*** Stored data Section Begins ***

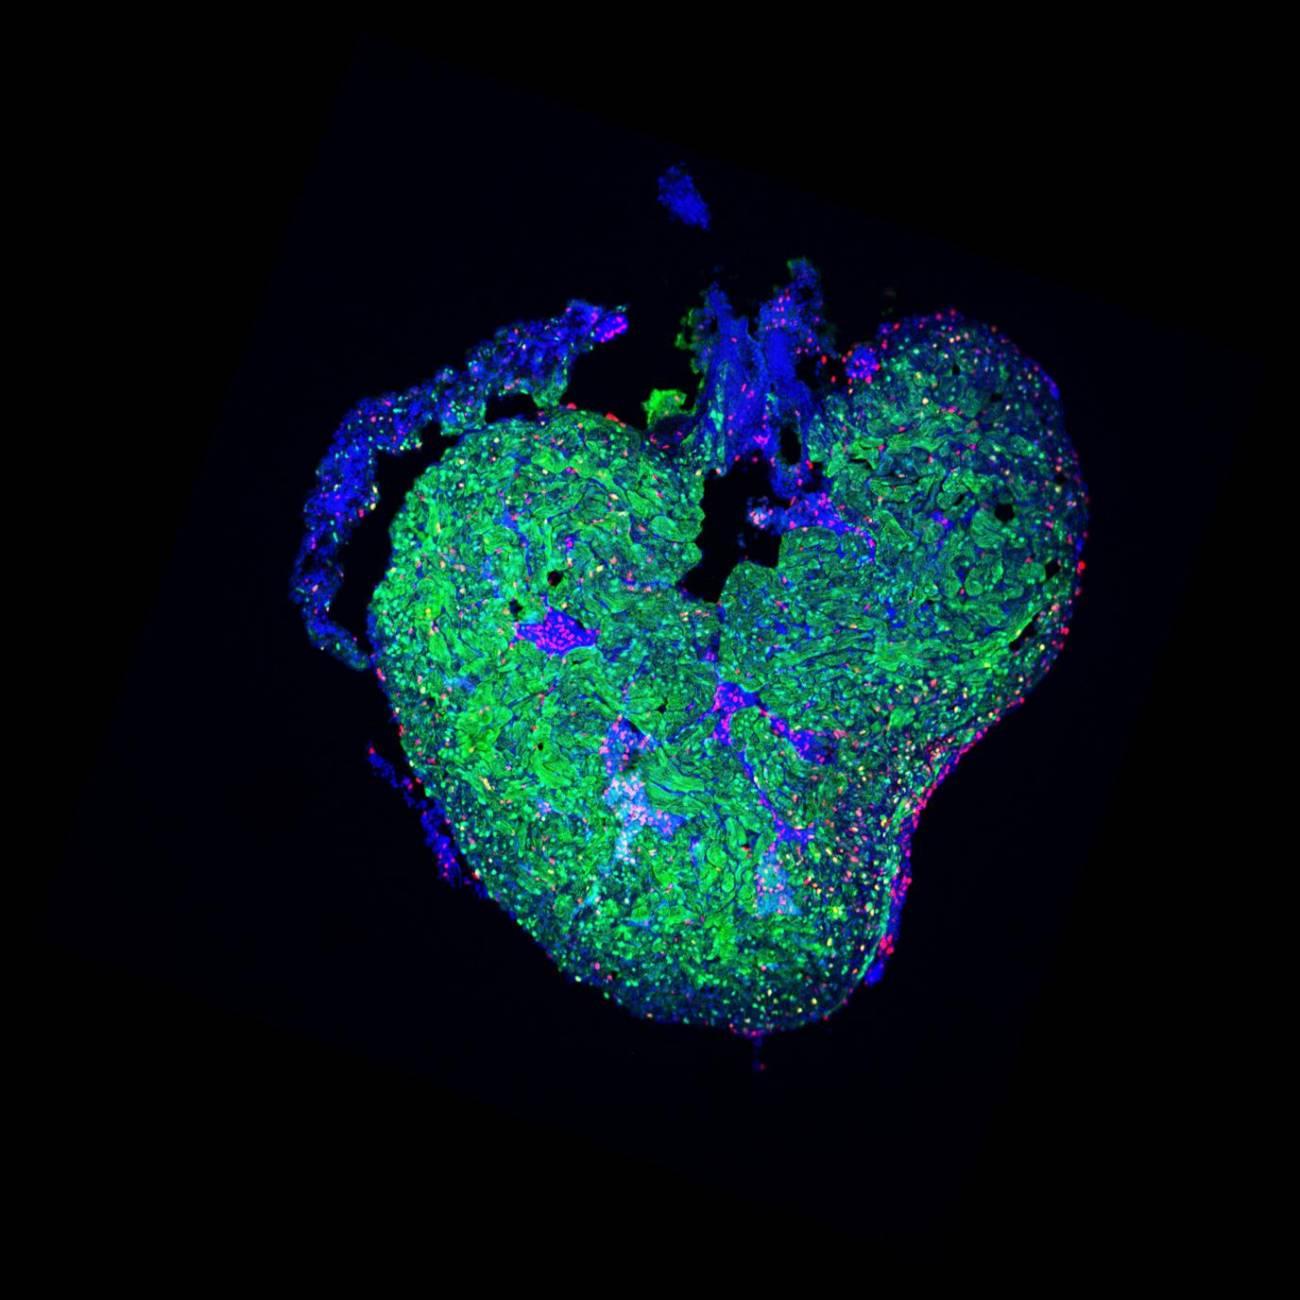 En la imagen, el corazón de un pez cebra 14 días después de sufrir la amputación.
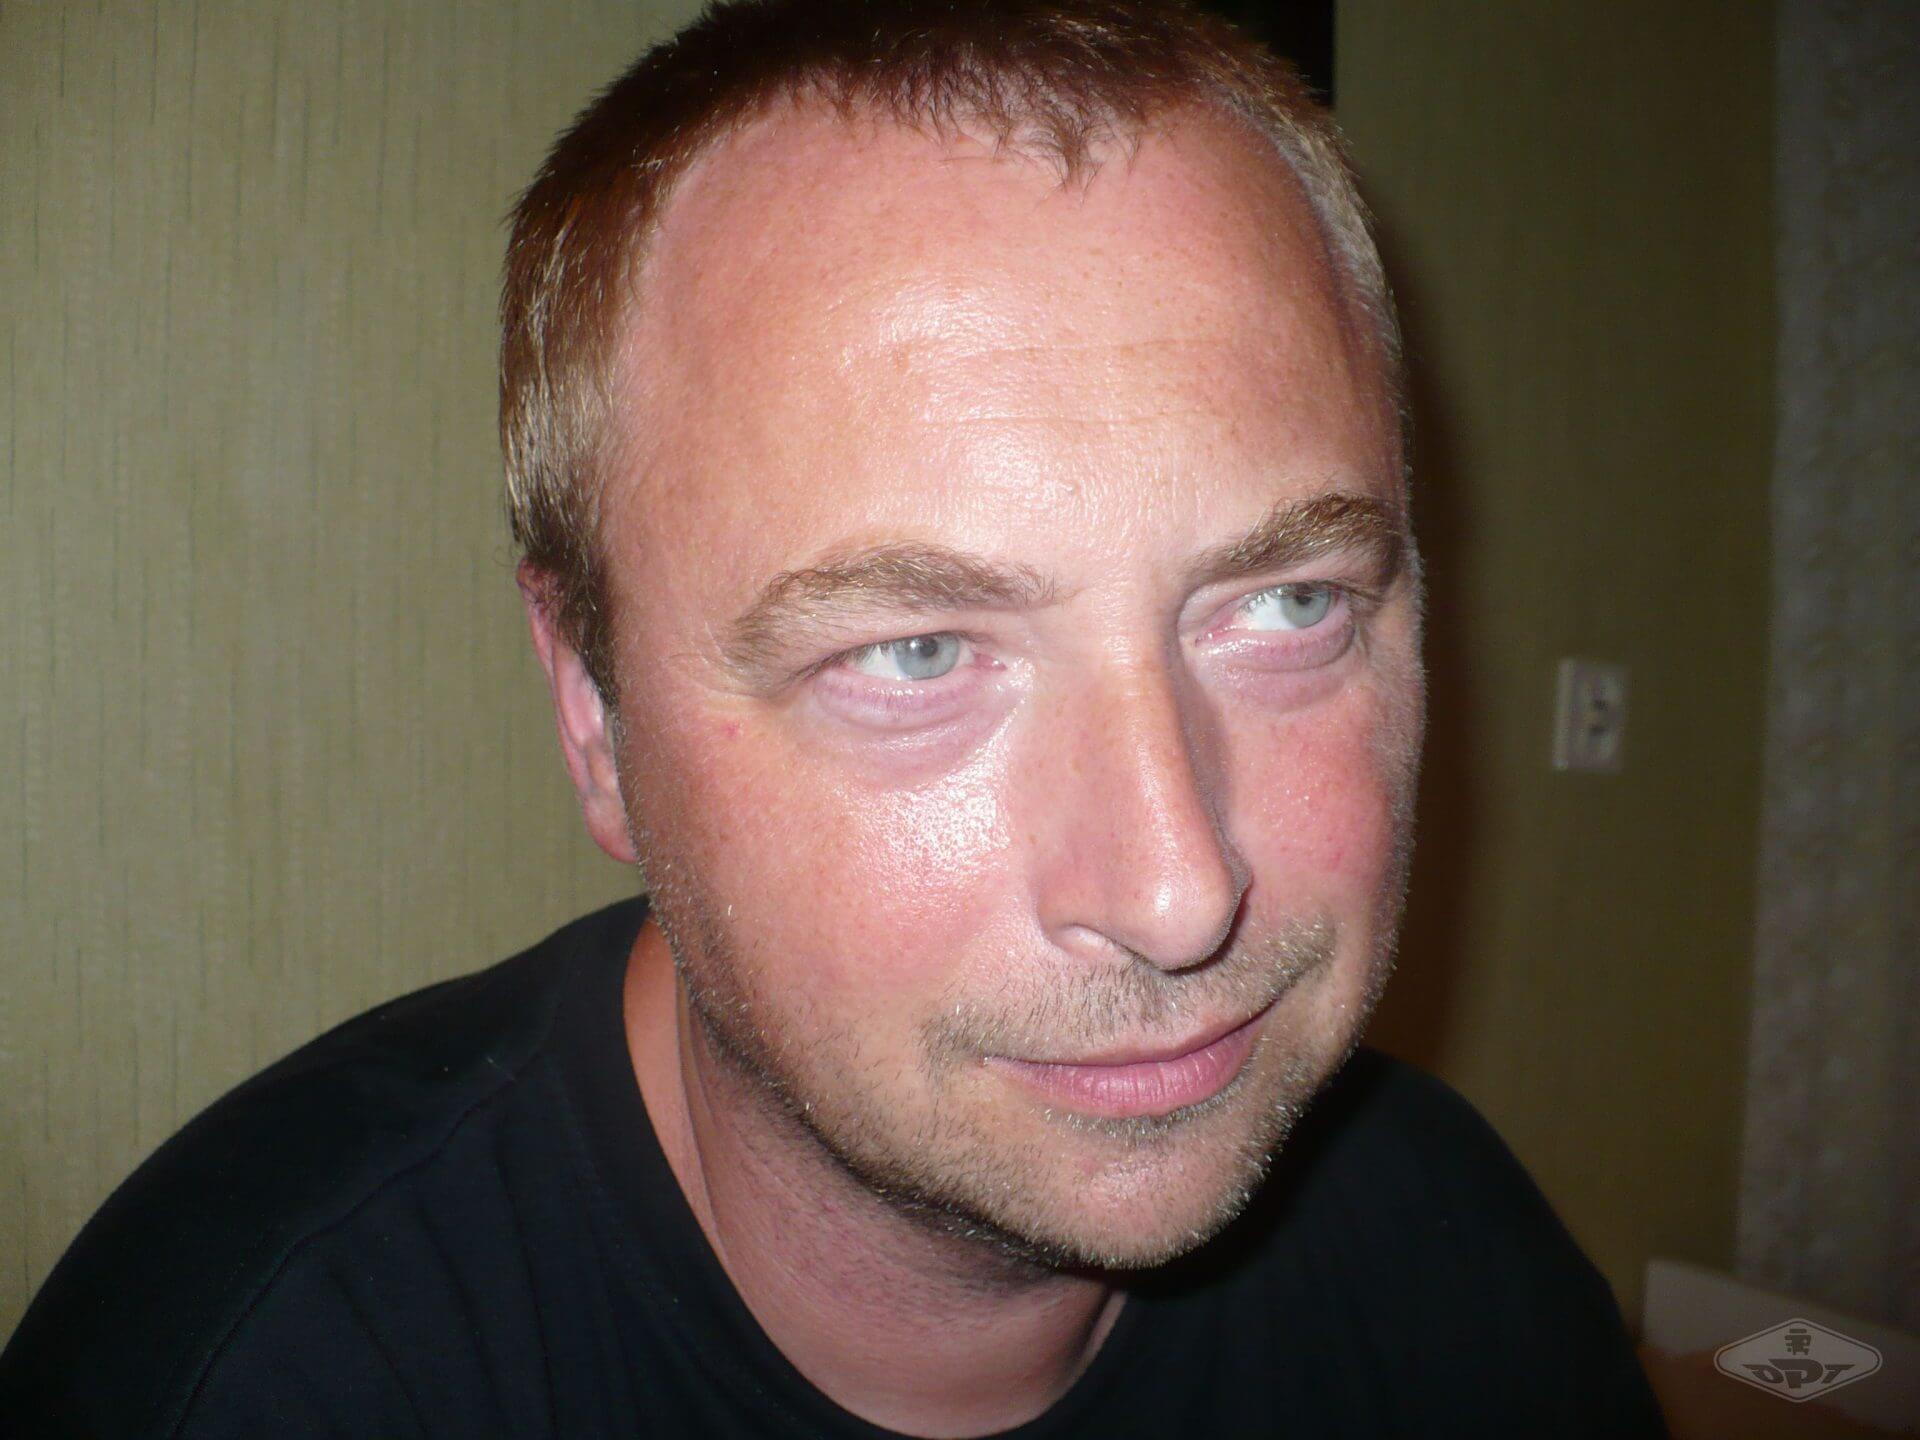 Robert Kościelny
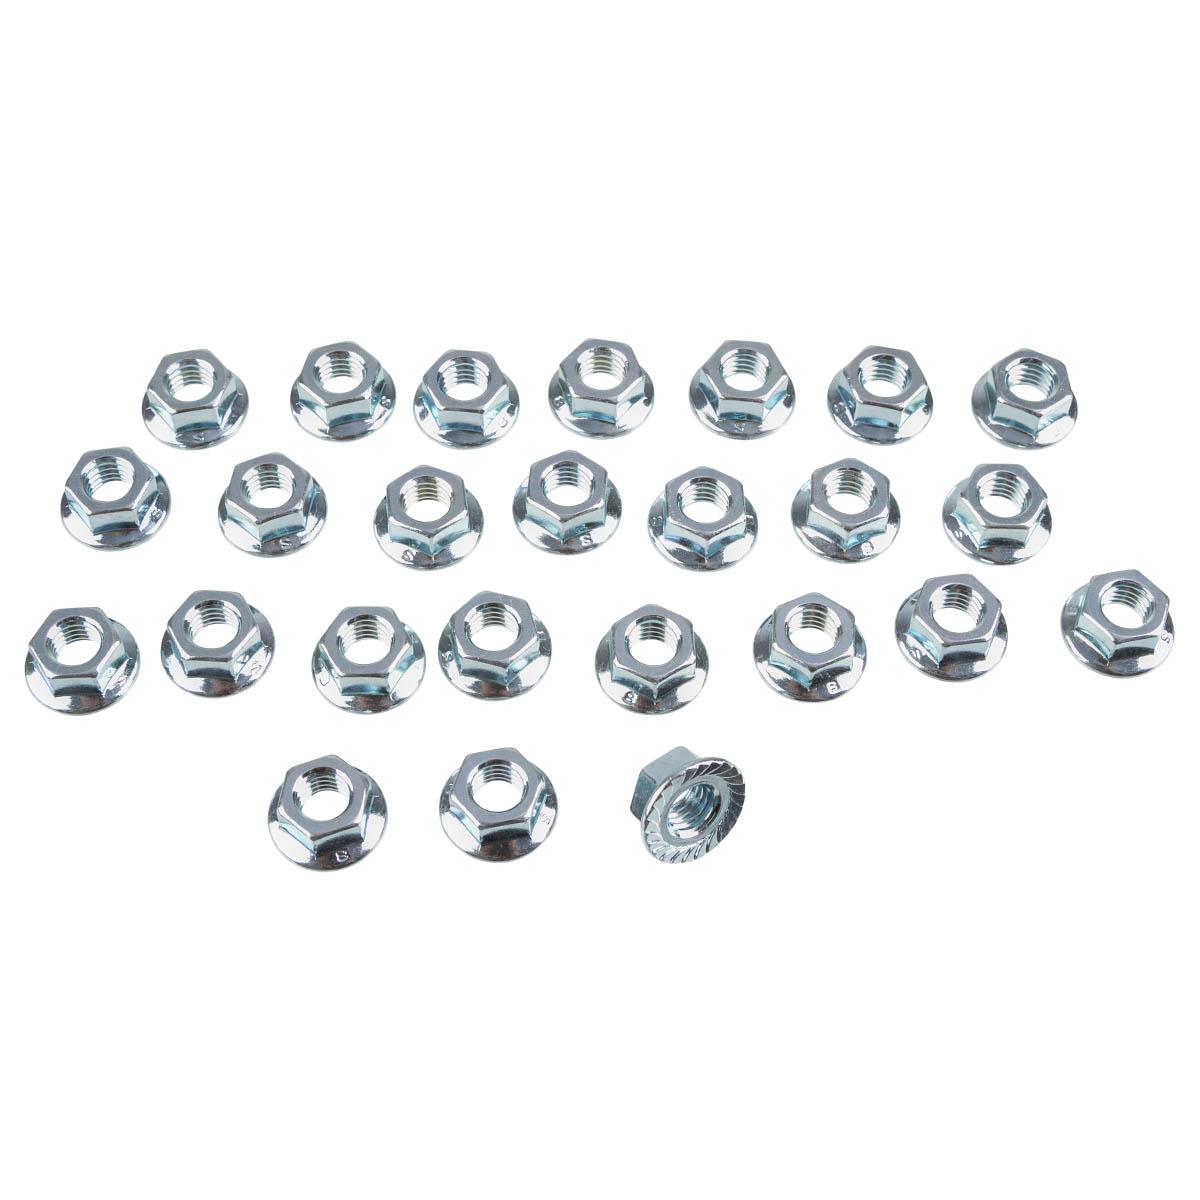 ZAP Aluminium Nut M8, 25 Pieces

*** Stored data Section Ends ***

-- Instructions to follow --
In your reply, every line of the material should appear exactly as written, and no picture should.

-- Task answer --
 En la imagen, el corazón de un pez cebra 14 días después de sufrir la amputación.
 Robert Kościelny
 ZAP Aluminium Nut M8, 25 Pieces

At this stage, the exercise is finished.